Plus factuellement, je me concentrais sur le monde ouvrier, sur les mouvements sociaux et le quotidien de ces mondes. Parce qu’elles conduisaient à des approches ethnographiques et culturelles, ces intersections n’étaient pas très bien perçues dans le monde académique. Le refus qu’un éditeur m’opposa lorsque je voulus publier un chapitre intitulé « Le plaisir en miettes », en écho au Travail en miettes de Georges Friedmann13, illustre tout à fait ce propos.
« La sociologie ou la socioanthropologie du quotidien associe au macrosocial les turbulences du latent, du non-dit, de l’infra. Elle se tourne, sans en occulter les dynamismes, vers une philosophie des êtres particuliers, et non plus seulement, des tendances dominantes. » (Le travail au quotidien : une démarche socio-anthropologique, 1989).

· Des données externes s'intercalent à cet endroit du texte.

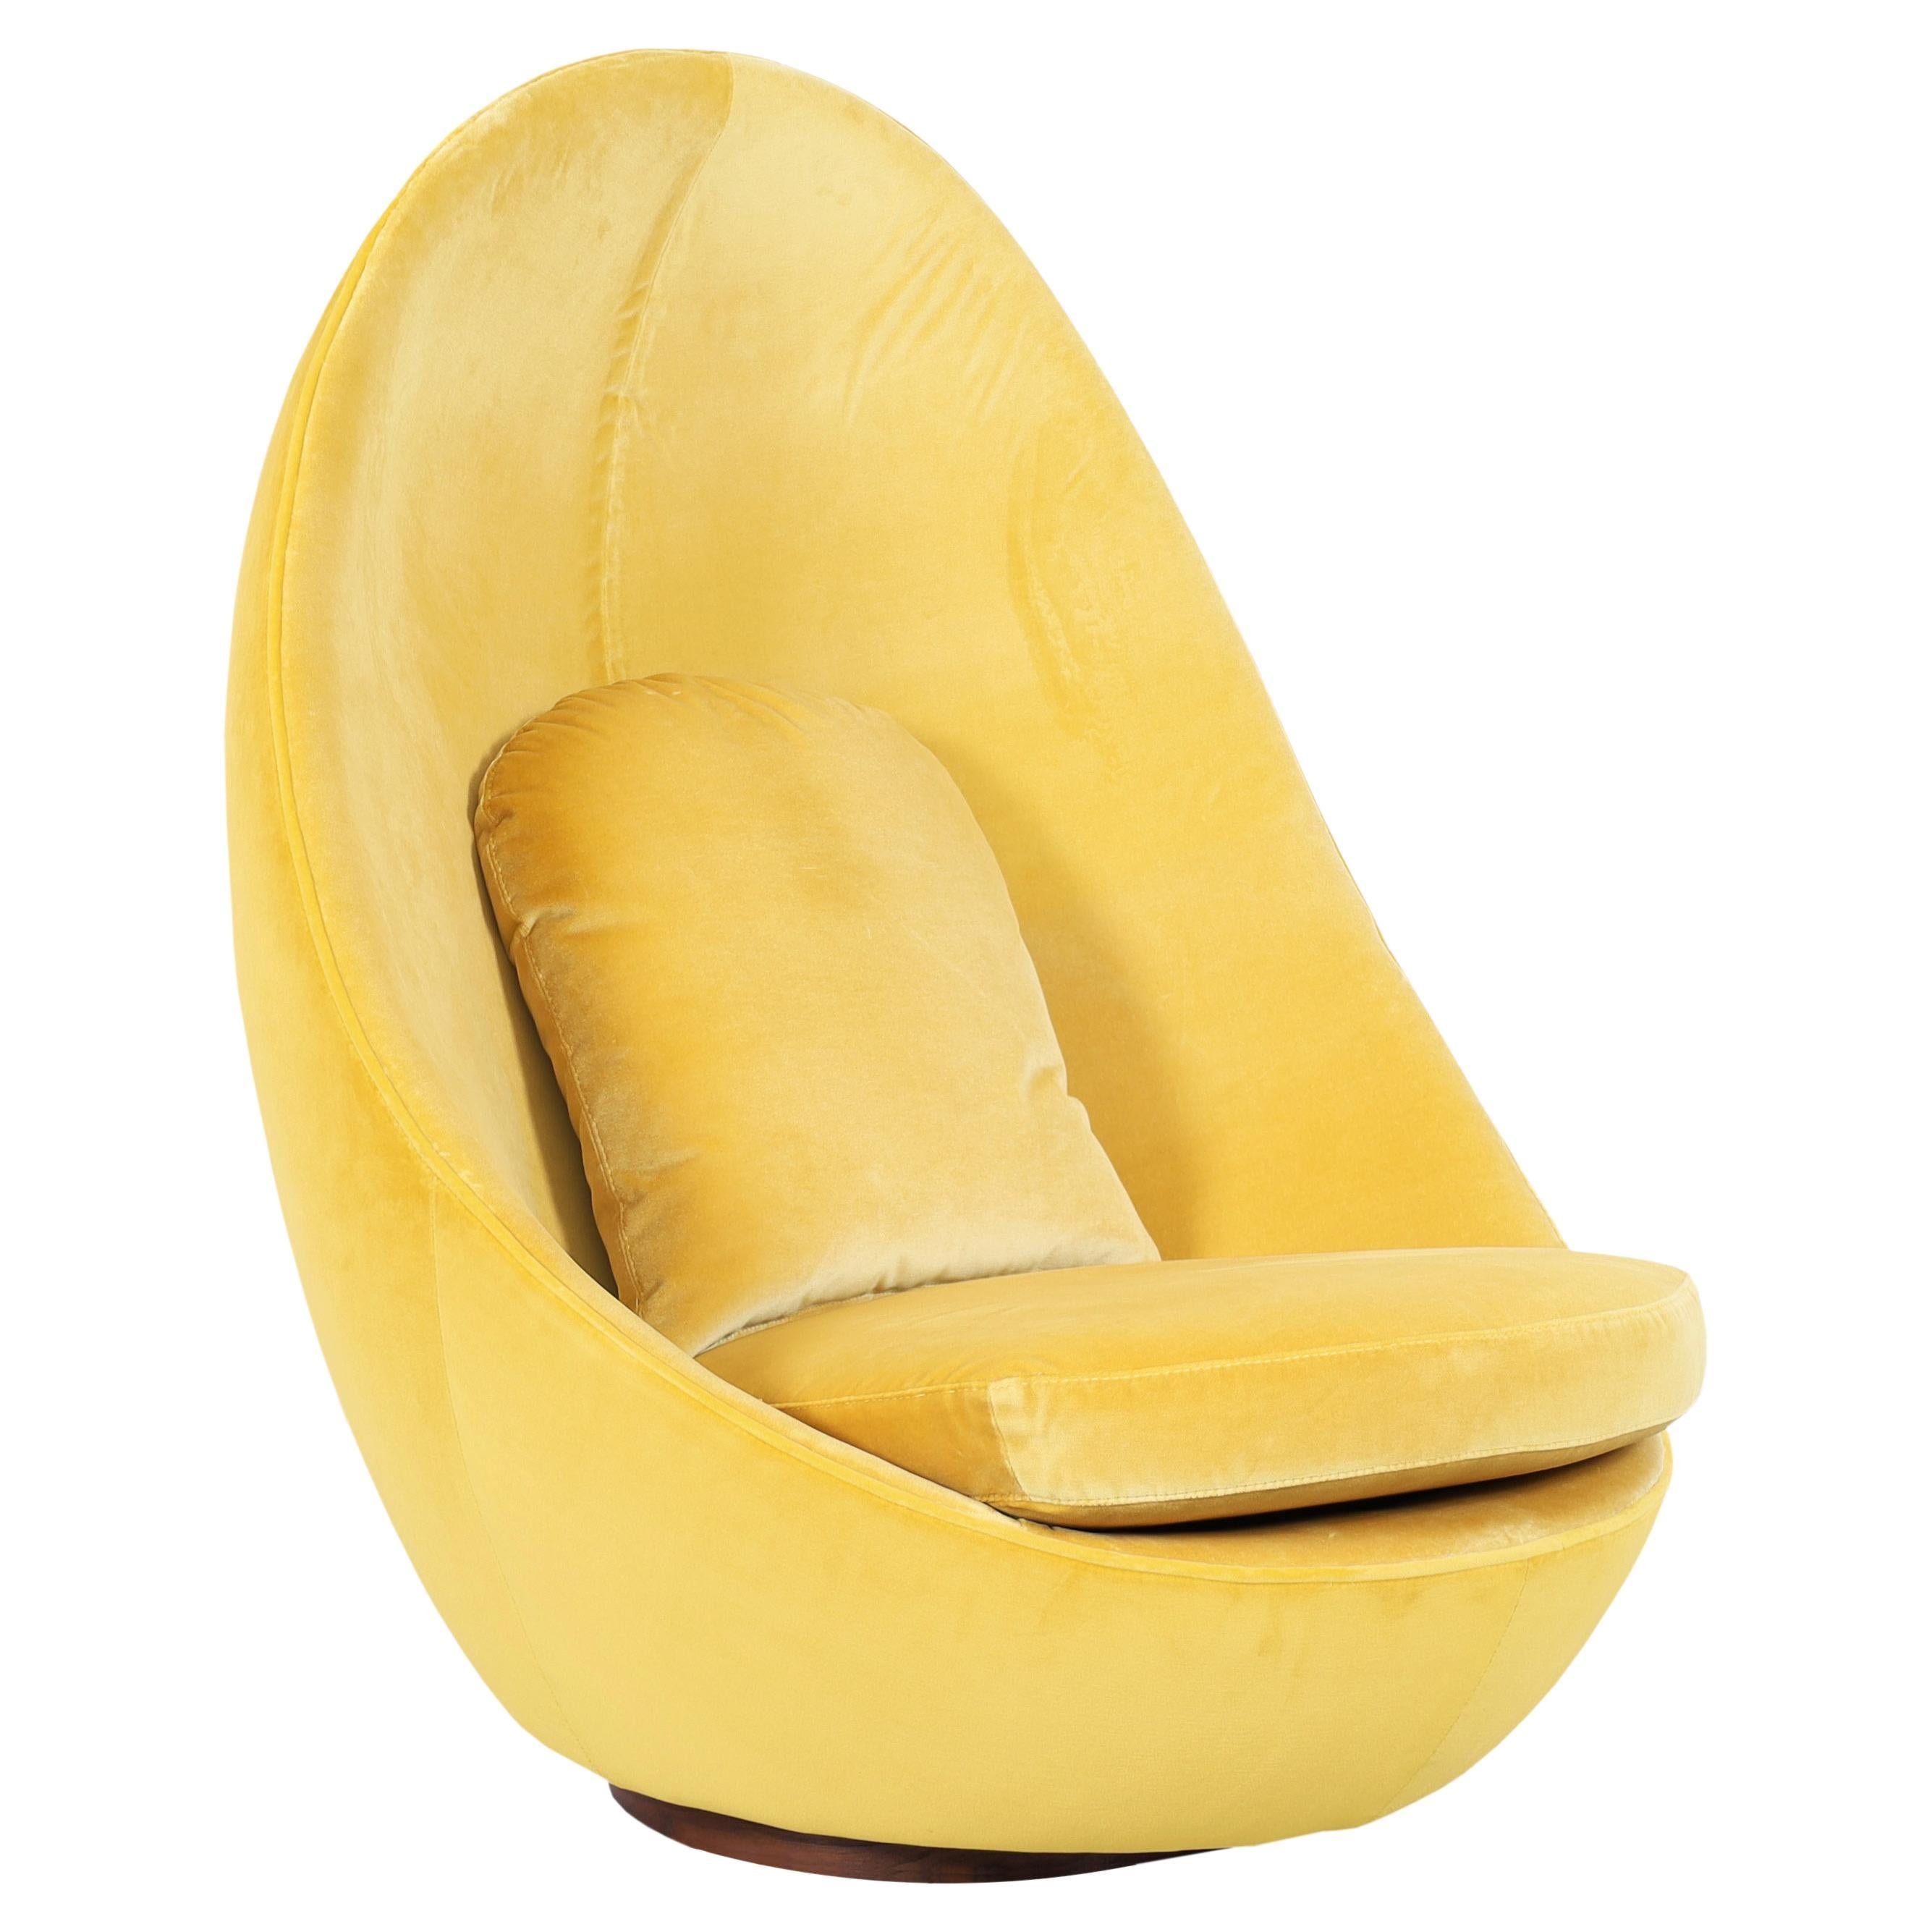 Vintage "Egg" Swivel Lounge Chair by Milo Baughman for Thayer Coggin

Mobilisées à travers le concept de quotidienneté, ces approches me permettaient de voir, au plus proche, la réalité effective des personnes travaillant dans la chimie, les mines, à la RATP, et de les observer, non pas dans les seuls moments de revendication, mais plutôt dans une routine du quotidien, comme le fait, par exemple, Marc Abélès dans ses recherches sur le politique.
Au fond, je voulais éviter l’écueil répandu chez les intellectuels et les militants, qui consiste à penser que le moment où ces gens revendiquent est le seul où ils ne sont pas des aliénés. Or ces personnes ne sont ni dans la revendication permanente, ni des aliénés en continu. Il s’agissait de travailler sur ces temps « neutres » en apparence, et de montrer une compréhension du monde, des dispositifs dans lesquels se construisent des espaces de respiration pour supporter les dominations, et cela dans des séquences historiques où les gens ne descendent pas dans la rue.

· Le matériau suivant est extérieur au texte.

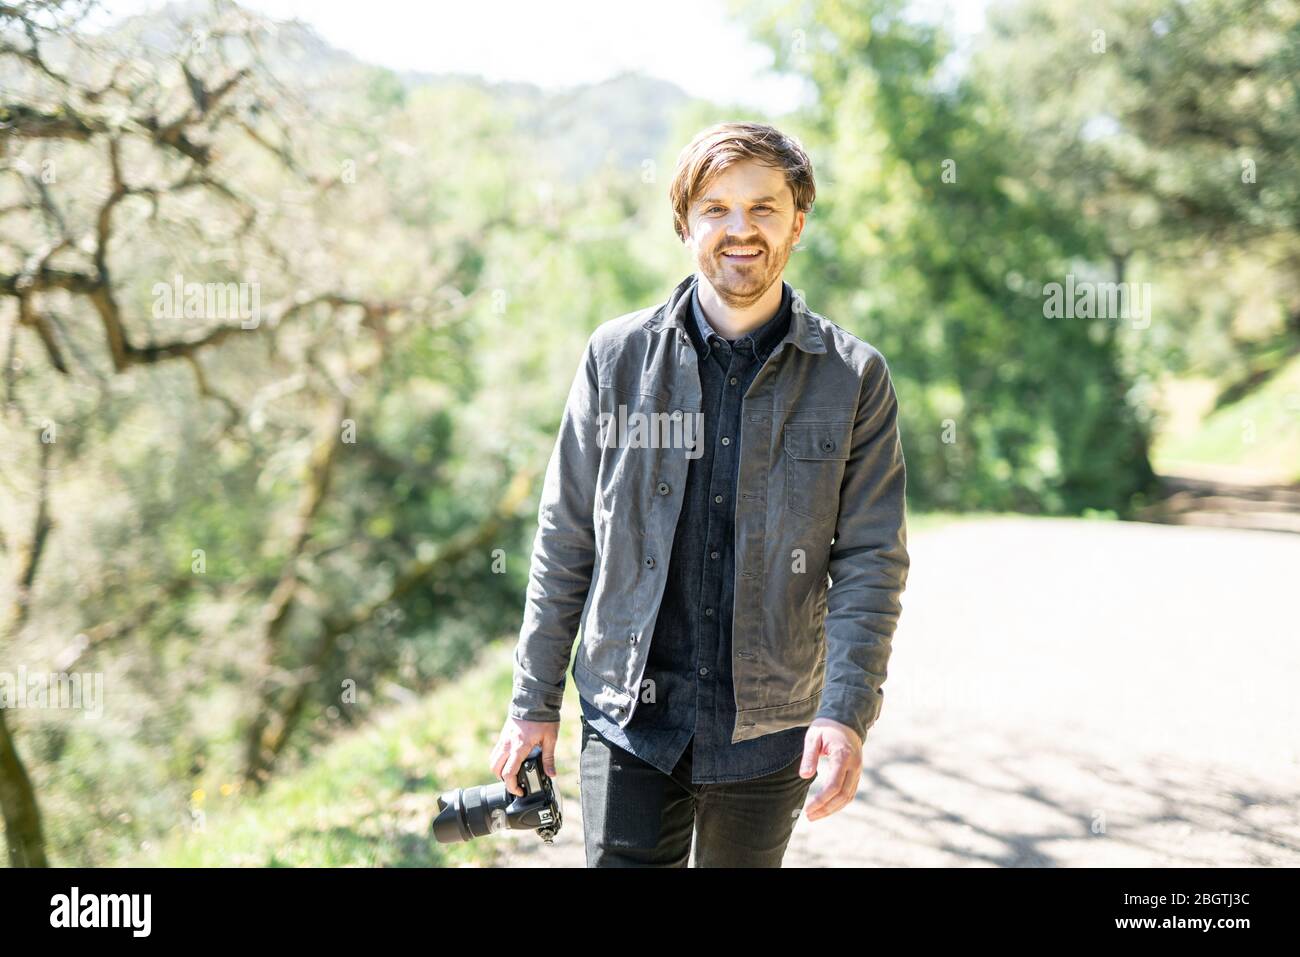 Portrait of young person smiling while walking on trail holding camera Stock Photo

Cette réflexion a animé ma thèse d’État, Démarche socio-anthropologique et changements des représentations du travail, que Louis-Vincent Thomas avait beaucoup appréciée. Le travail au quotidien : une démarche socio-anthropologique14 fait référence à ces implications de long terme dans des secteurs aussi divers que la chimie (PCUK) et l’automobile (Renault Billancourt ; Simca Poissy). Ce livre rend compte de mes perceptions des mondes subjectivés/existentiels du travail, donc de ces « plaisirs en miettes », et des ensembles populationnels émergents. Sans ces terrains, j’en serais resté à la sociologie classique du travail. Mais mises en comparaison, dans une interdisciplinarité « in progress », l’anthropologie, l’histoire, la psychologie et la littérature sont venues au creuset de la socioanthropologie.